One discipline informs another
Bowers observed that his experience as a director of short films has informed his work on TV and features as a composer.
“I can speak to directors with a bit more confidence now in terms of the shape of their story–what I might be inferring from watching something, understanding how they might be breaking up the story in terms of structure.”
Bowers said what he’s learned from the directorial/filmmaking space can only help him from a music creation standpoint. He is now better able to look at scoring a film from a different perspective–as part of what assorted aspects of the storytelling process are contributing to that effort. In turn, he can better see how the pace of the edit is affecting the story. “Should the music play with or against that?” he asked. “How much is sound design helping us feel a certain section of the story…I understand the moment in a different way.”

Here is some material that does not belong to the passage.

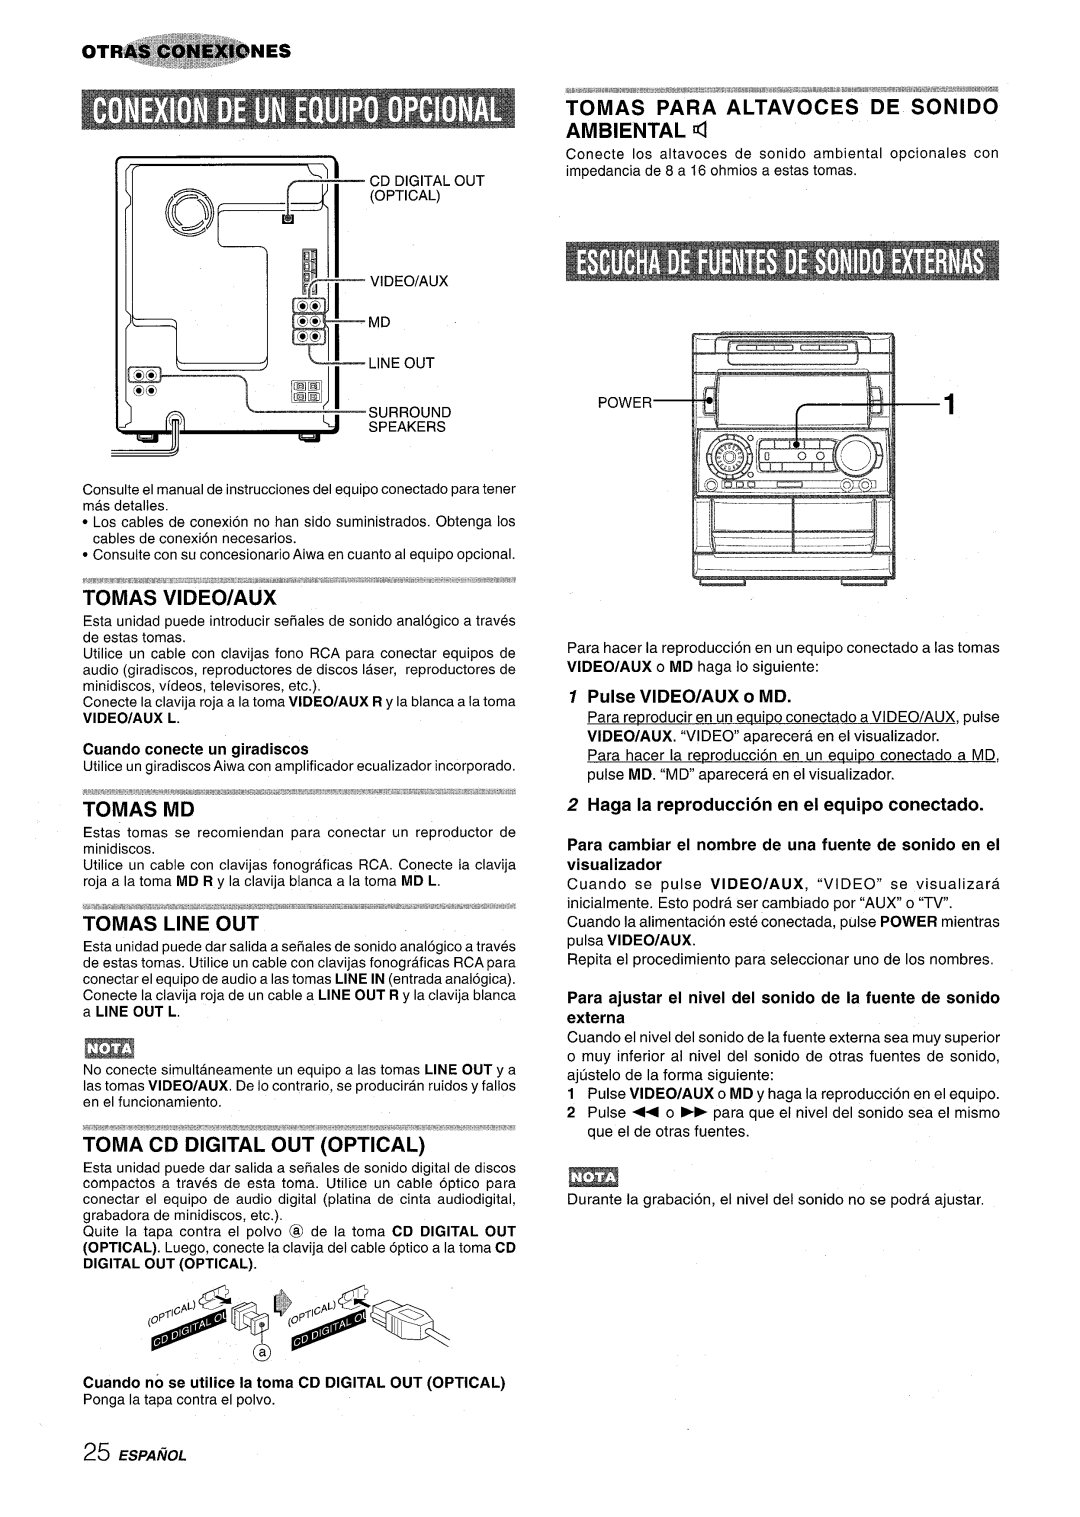 Aiwa NSX-A909 manual Tomas Video/Aux, Toma Cd Digital Out Optical, Tomas Line Out, Pulse VIDEO/AUX o MD, Espanol

That understanding runs deep as also reflected in Bowers’ other high-profile credits including features such as Green Book (a Best Picture Oscar winner) King Richard, Chevalier, Haunted Mansion and the upcoming Bob Marley: One Love. His additional TV endeavors include the Bridgerton spinoff Queen Charlotte as well as the Marvel limited series Secret Invasion.
(This is the eighth installment of a 16-part series with future installments of The Road To Oscar slated to run in the weekly SHOOT>e.dition, The SHOOT Dailies and on SHOOTonline.com, with select installments also in print issues. The series will appear weekly through the Academy Awards gala ceremony. Nominations for the 96th Academy Awards will be announced on January 23, 2024, The 96th Oscars will be held on Sunday, March 10, 2024.)